Люба усмехнулась и сказала: «Руки коротки», а Вера и Нина Леопольдовна переглянулись. Он часто теперь замечал, как они переглядываются, но не хотел думать — о чем и зачем. Пусть себе! Так переглядываются хорошо понимающие друг друга супруги по поводу своей тупой домработницы. Он и был у них у всех — так представлялось ему, — и у Любы тоже, тупой домработницей, невыгодной, косорукой, неэкономной, которую давно пора выгнать, но ее держат, потому что трудно отыскать лучшую.
«Эта хоть и дура, но честная!» — говорят про нее. И про него, конечно, они так думали.
А он думал упрямо и печально: «Не задалось то, что называется личной жизнью.

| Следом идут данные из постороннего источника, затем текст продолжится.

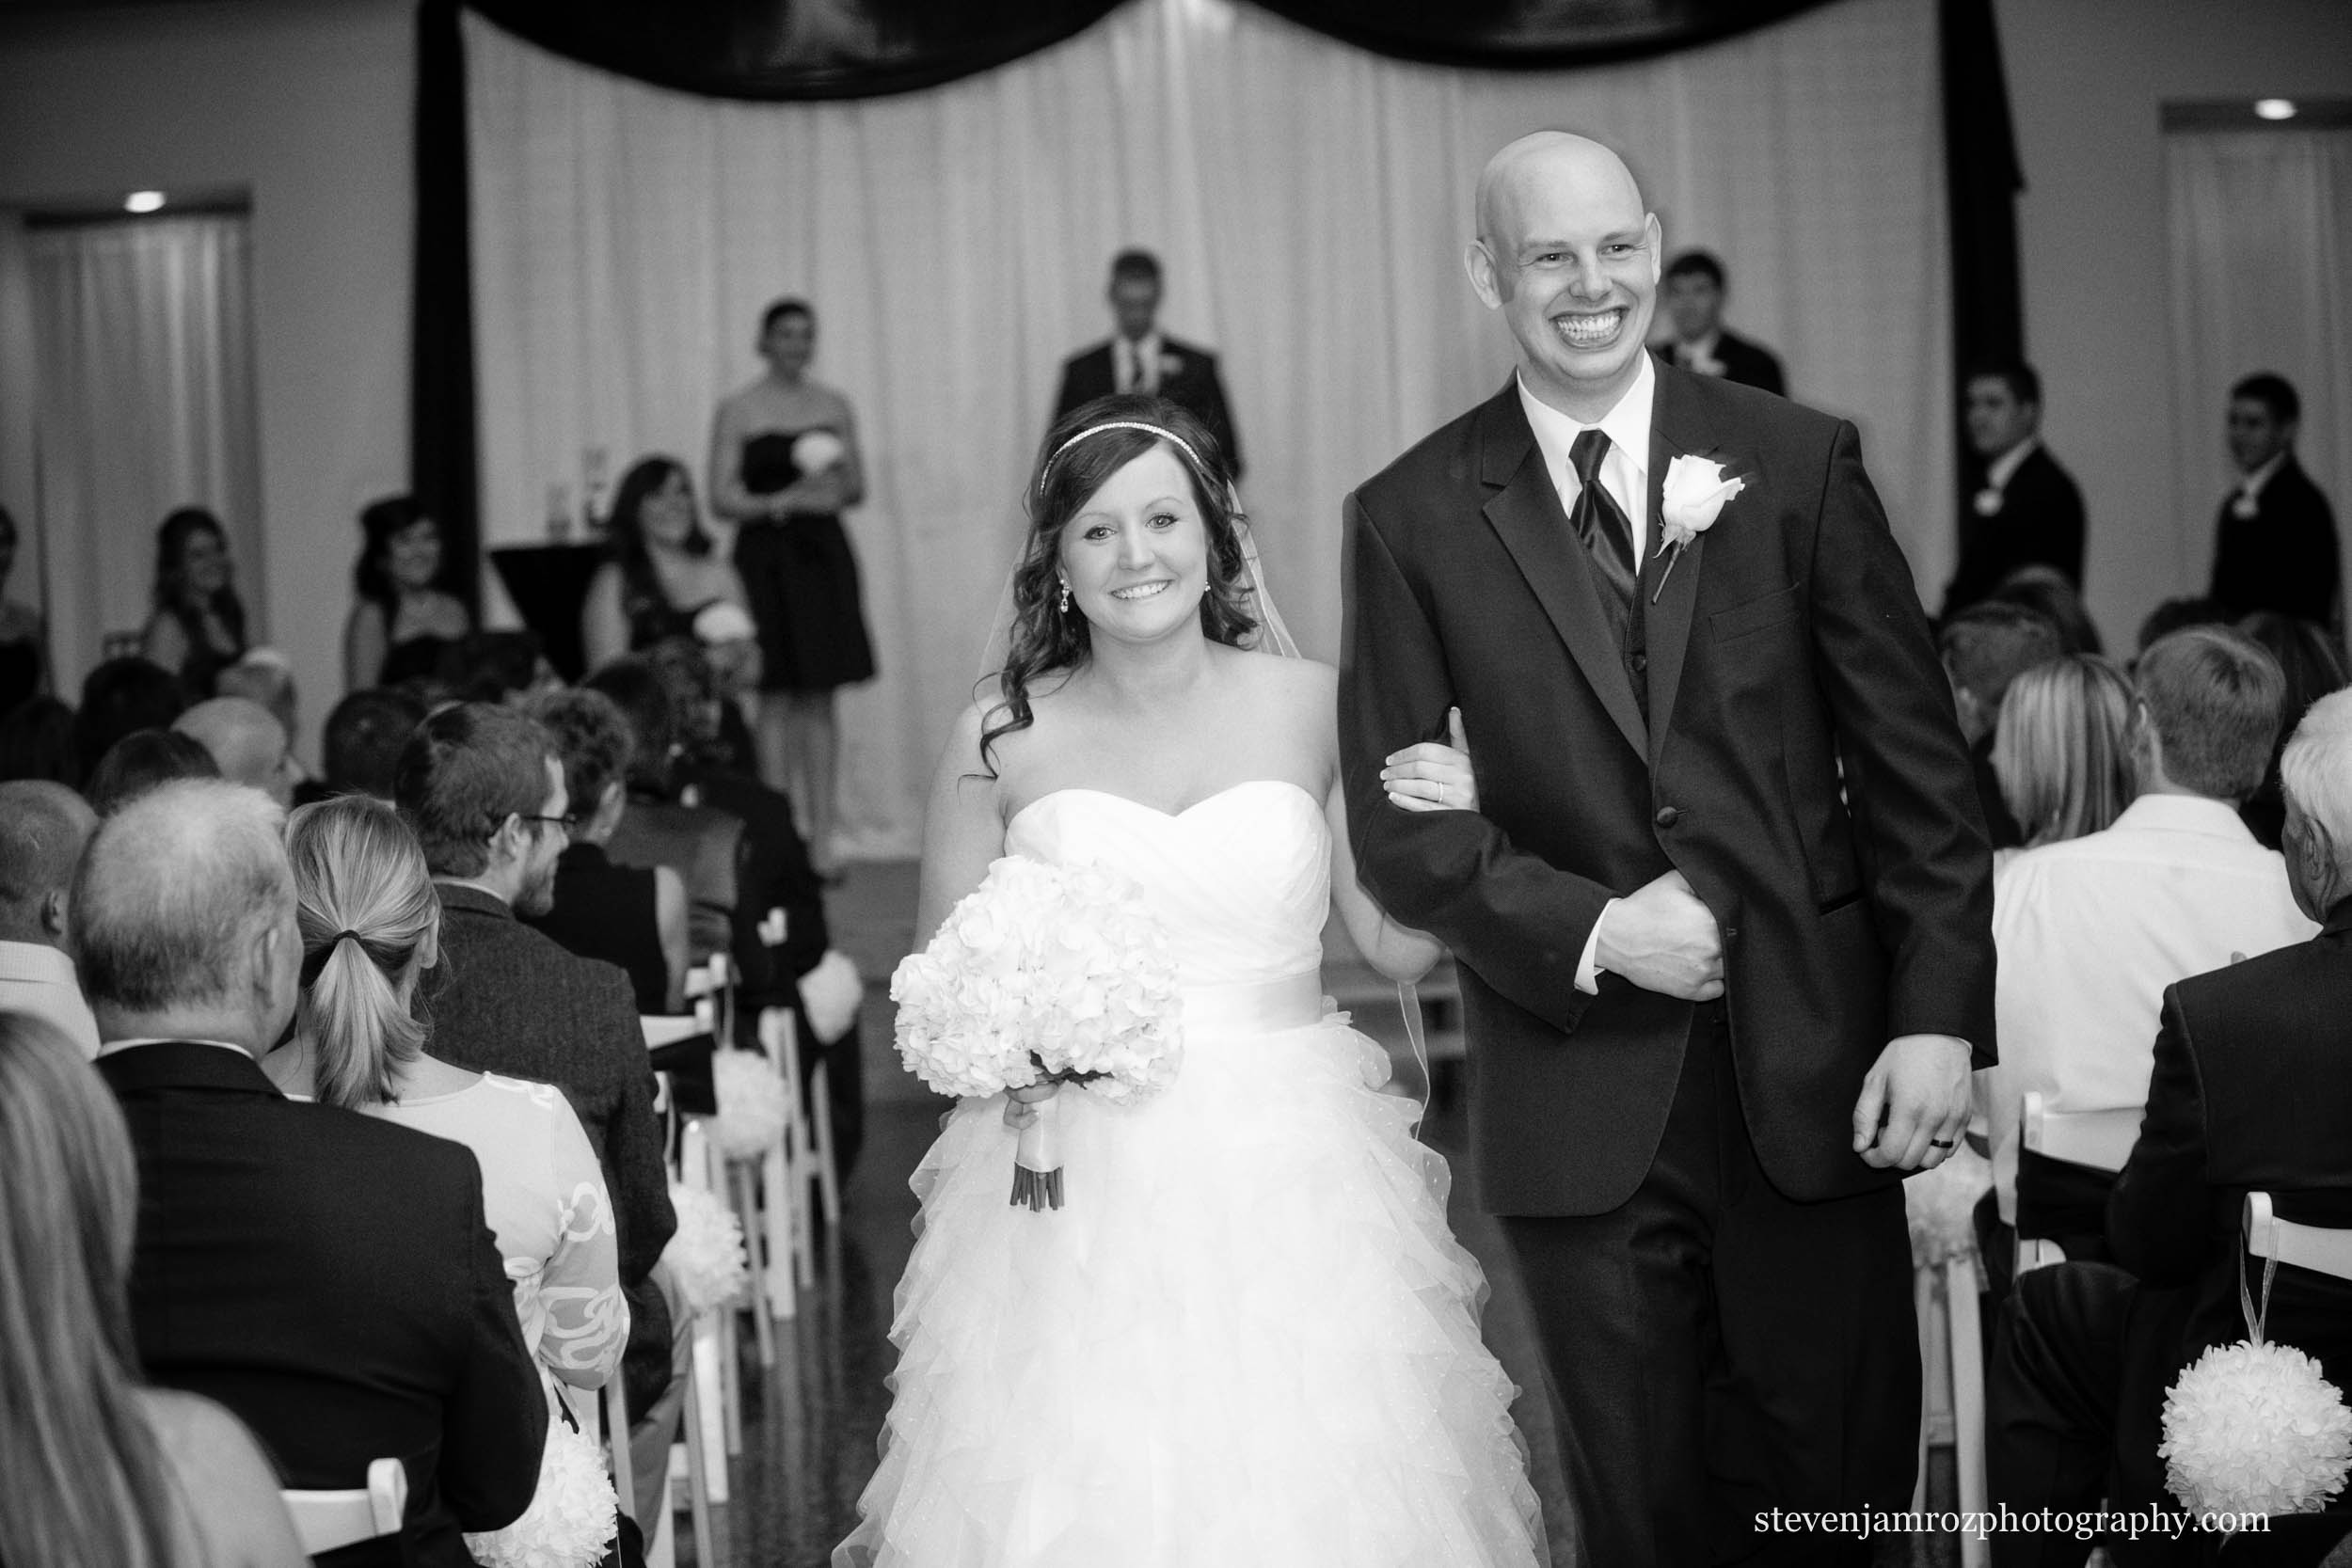 i-do-wedding-shrine-club-raleigh-steven-jamroz-0696.jpg
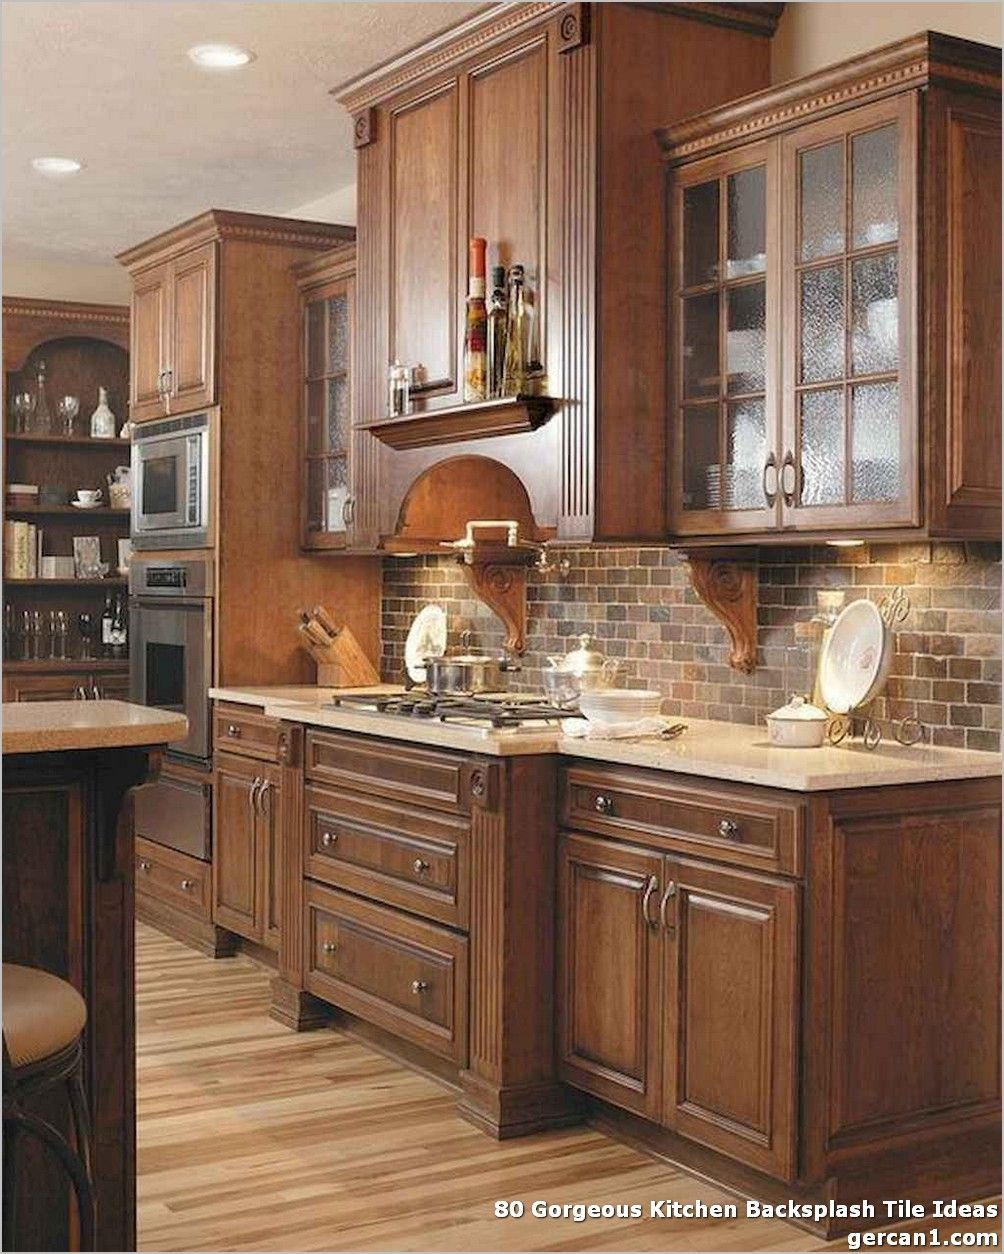 80 Gorgeous Kitchen Backsplash Tile Ideas New Kitchen Cabinets Brick Backsplash Kitchen Craftsman Kitchen

Ничего! Вырастет Наталья. Ну, и больничный городок!»
Именно такими словами он рассуждал.
Жил он в кухне, как домработница.
Иногда он завидовал. Это случалось с ним редко, но все-таки случалось. У хирургической сестры Анечки было десятилетие свадьбы, она пригласила и своего главврача с супругой. Вера, конечно, не пошла. «Хватит с меня этих щербатых стопок и винегрета с селедкой, — сказала она. — Война кончилась, демократизм с санитарками разводить нечего. И тебе не советую ходить!» — «Глупо!» — спокойно ответил Владимир Афанасьевич. Он не обругал ее, он просто еще раз это констатировал — какое-то бешеное мещанство!